═══ Extracted material ═══

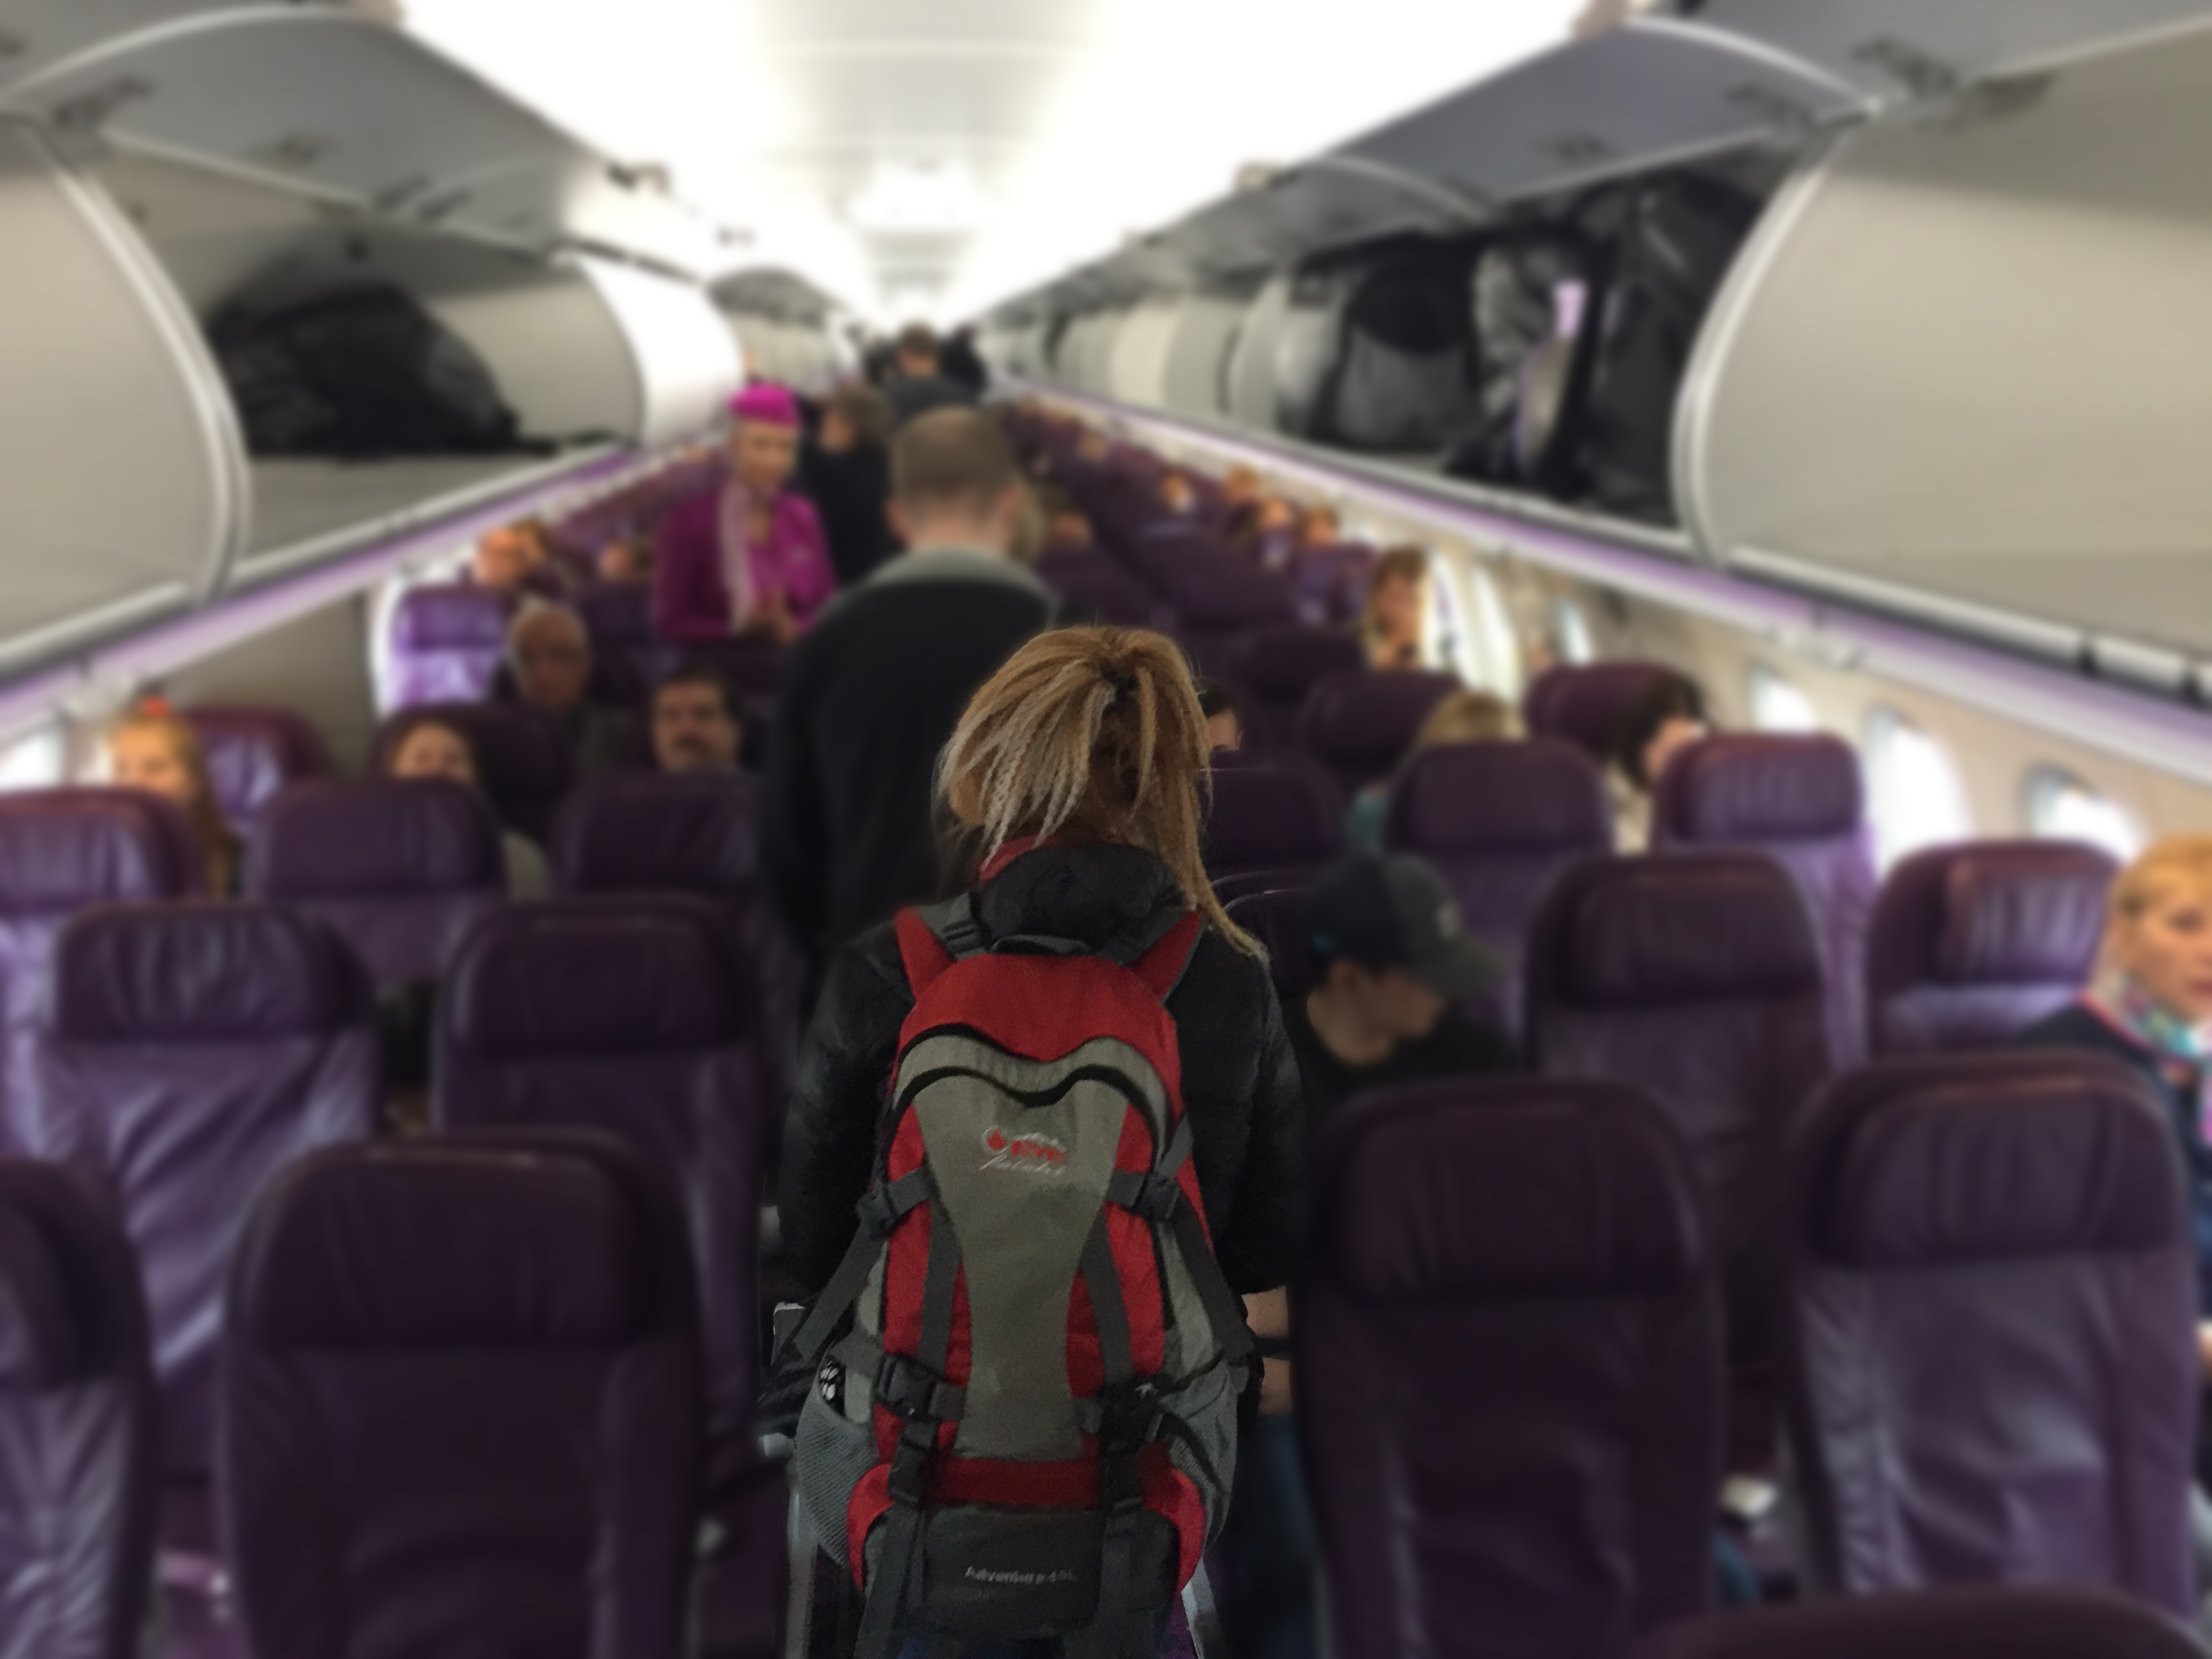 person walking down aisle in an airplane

═══
═══ Extracted material ═══

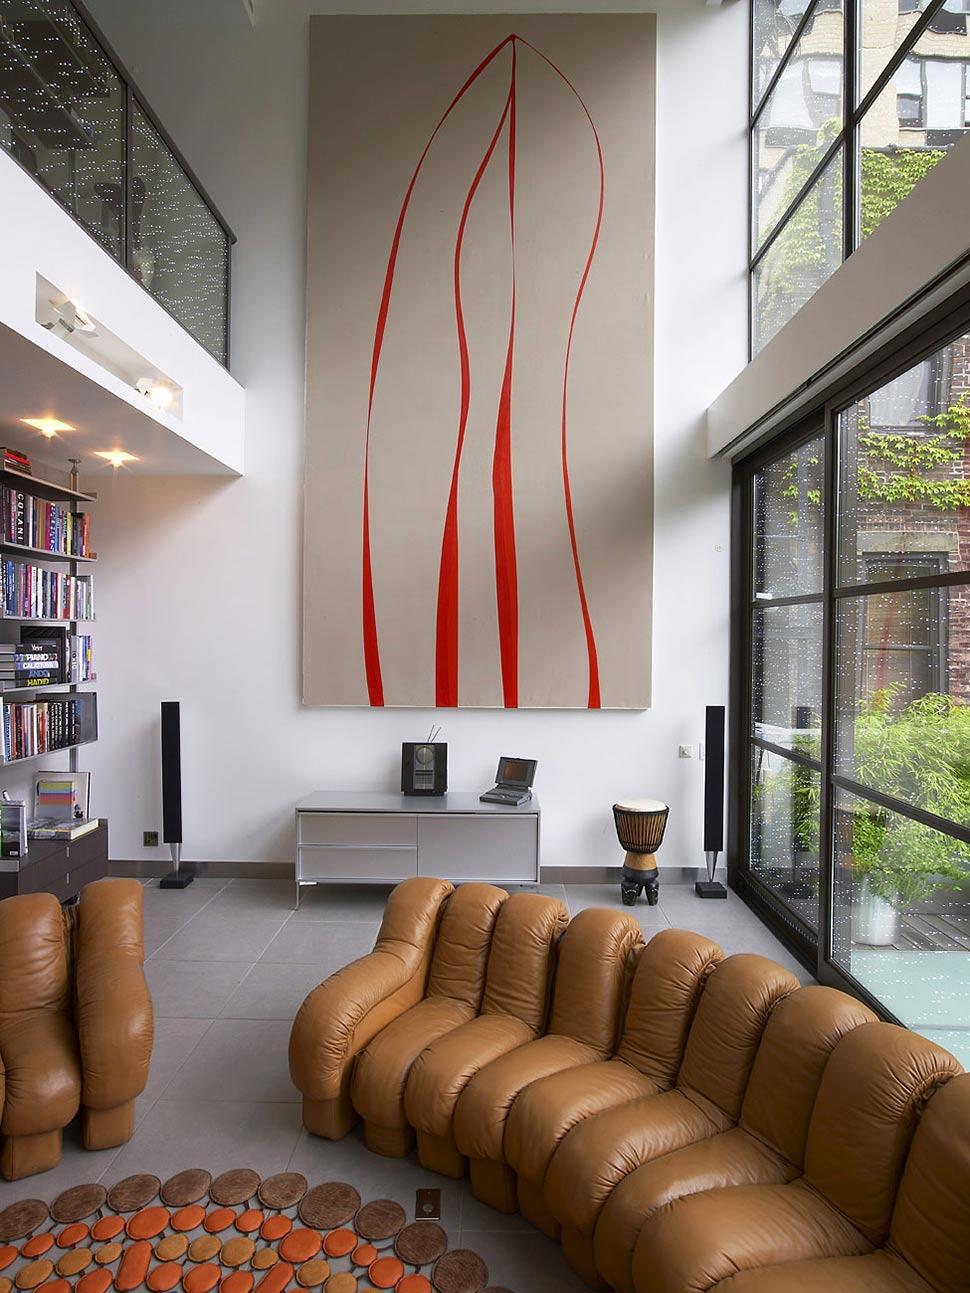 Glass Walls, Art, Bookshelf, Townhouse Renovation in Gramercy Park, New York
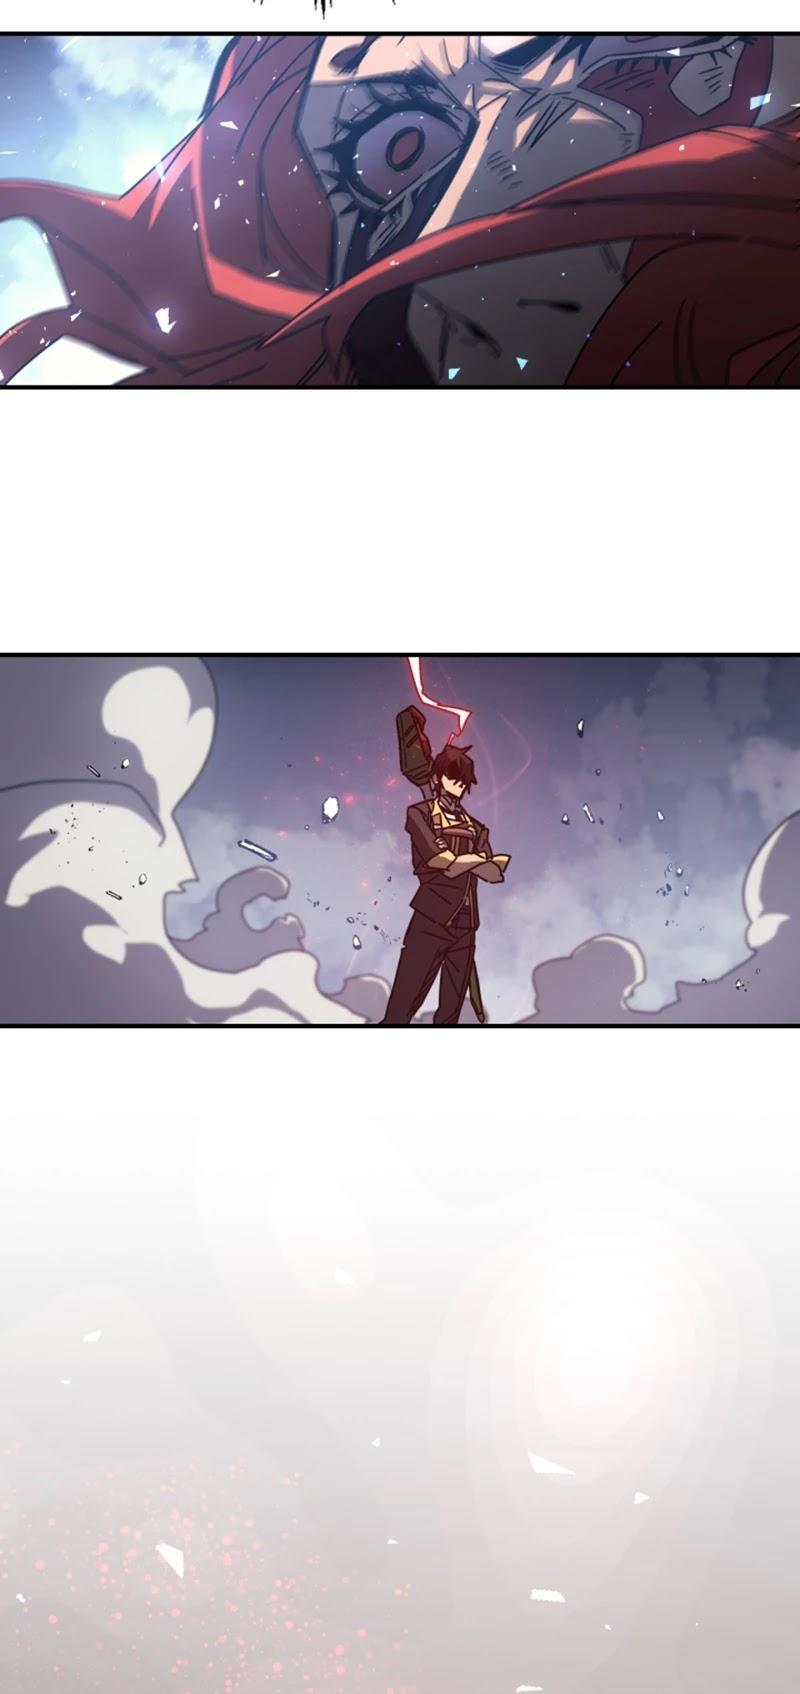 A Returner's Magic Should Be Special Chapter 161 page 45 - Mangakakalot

═══
═══ Extracted material ═══

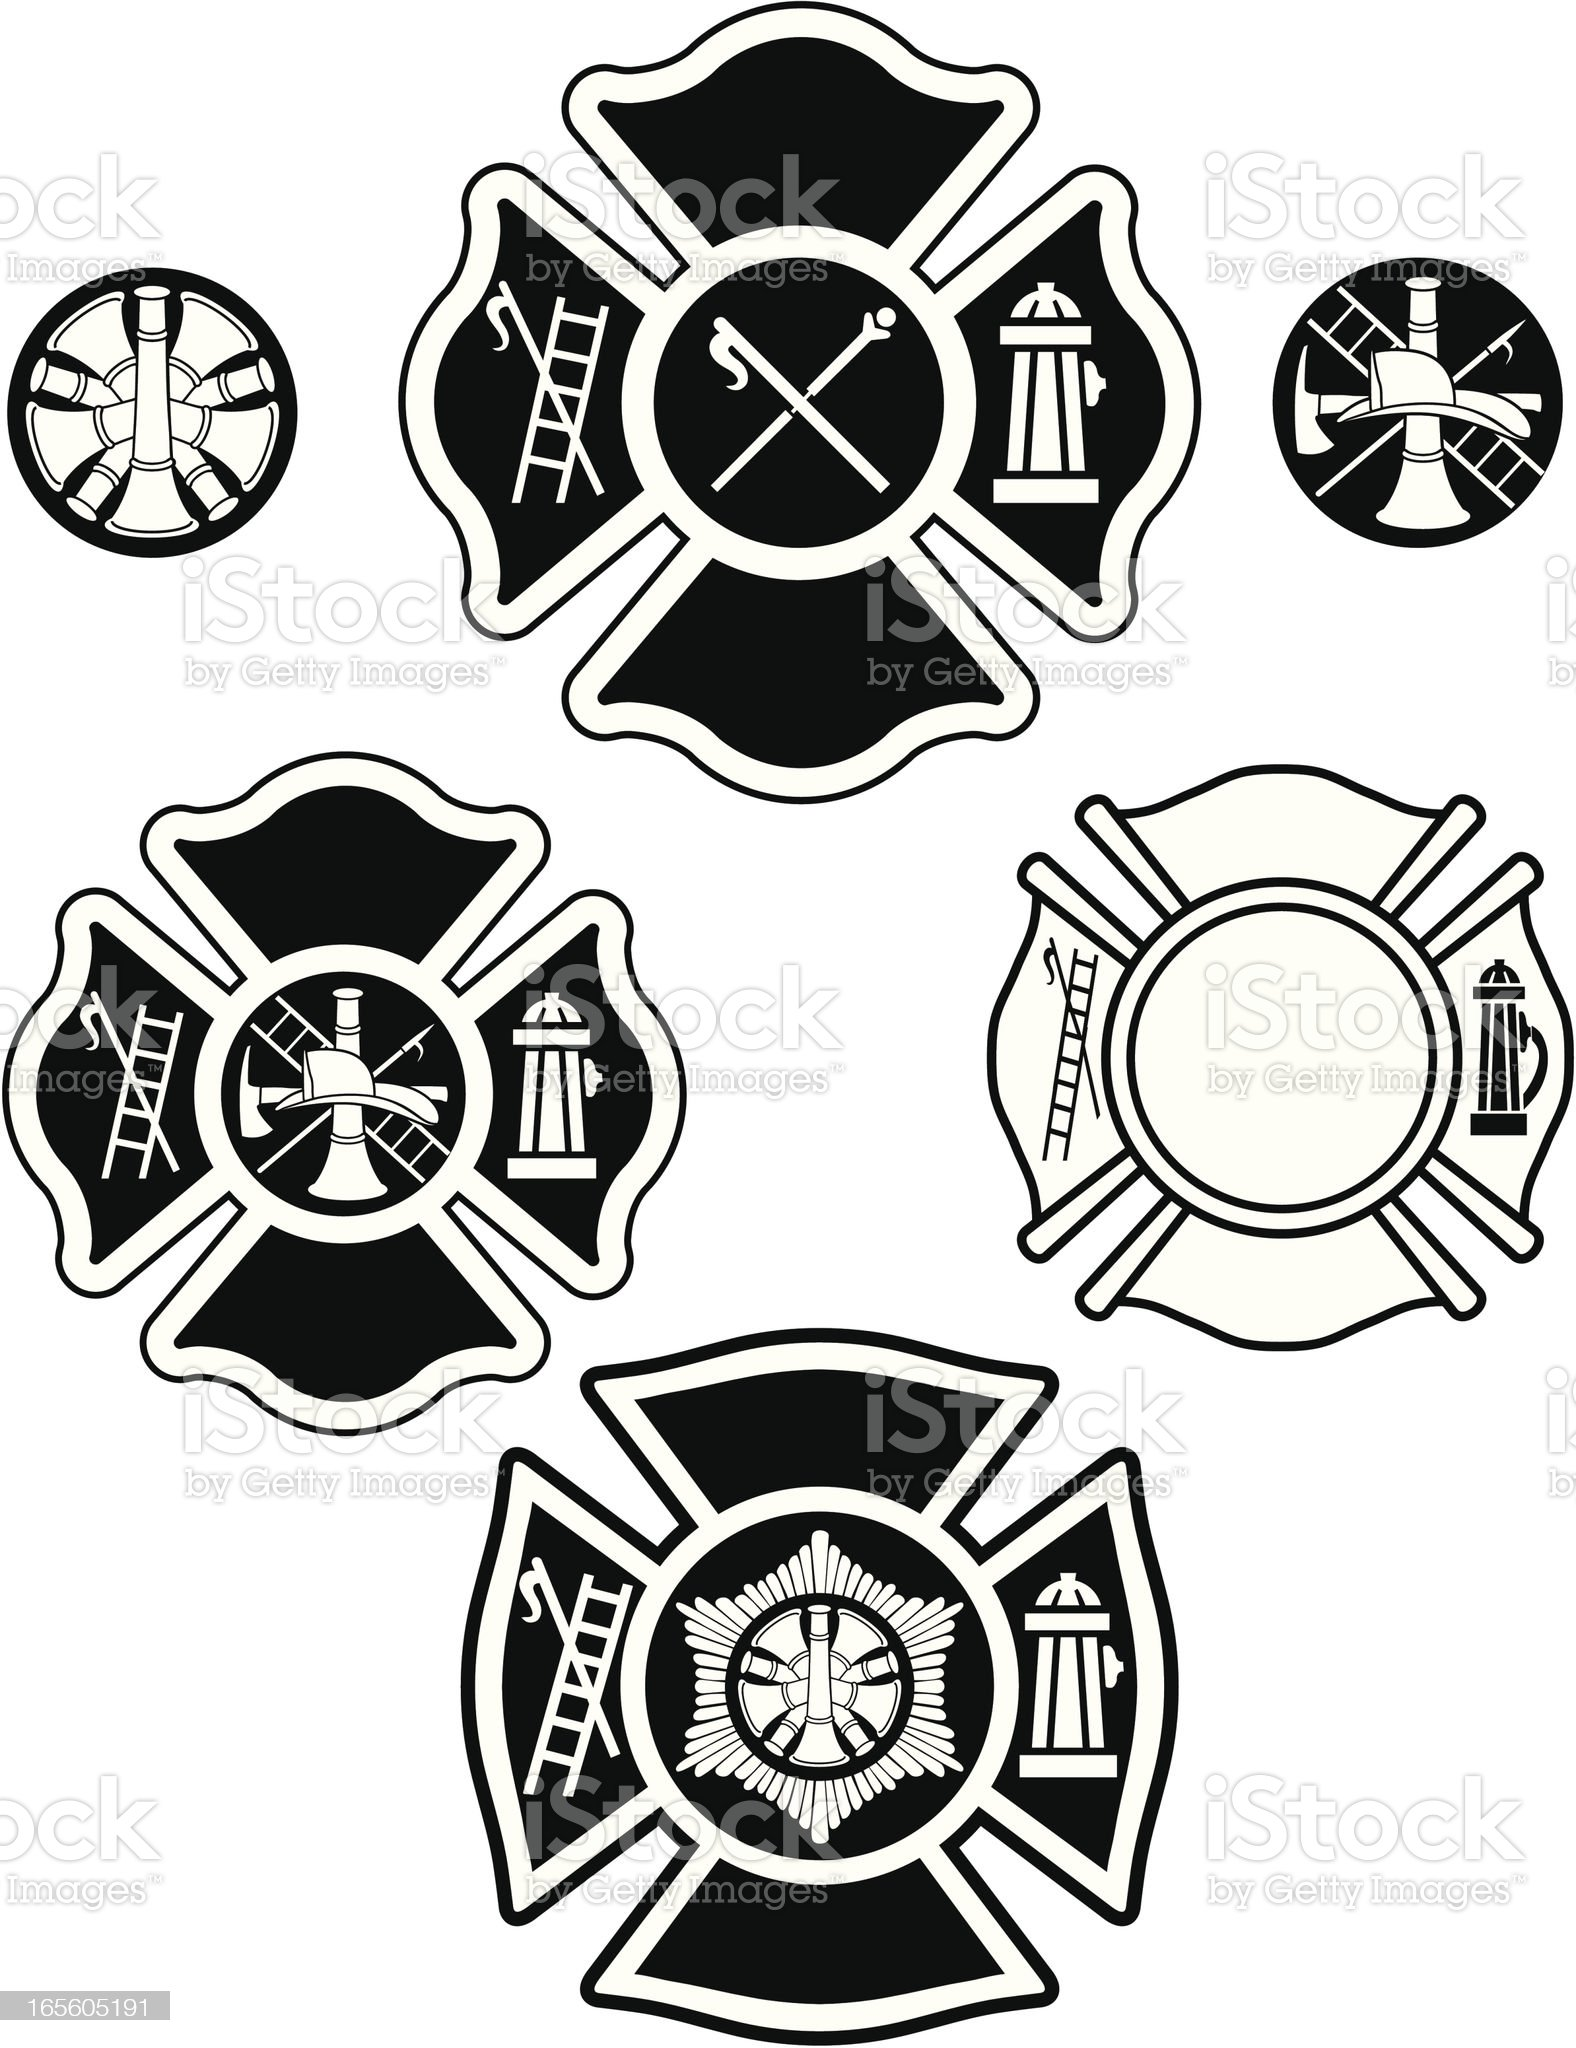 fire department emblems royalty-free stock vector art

═══

▶ [What to work on]: Copy out the listing above from the line containing "Glass Walls, Art, Bookshelf, Townhouse" to the line containing "A Returner's Magic", both included, exactly as written and minus the images.

▶ [Result for this task]:
 Glass Walls, Art, Bookshelf, Townhouse Renovation in Gramercy Park, New York
 A Returner's Magic Should Be Special Chapter 161 page 45 - Mangakakalot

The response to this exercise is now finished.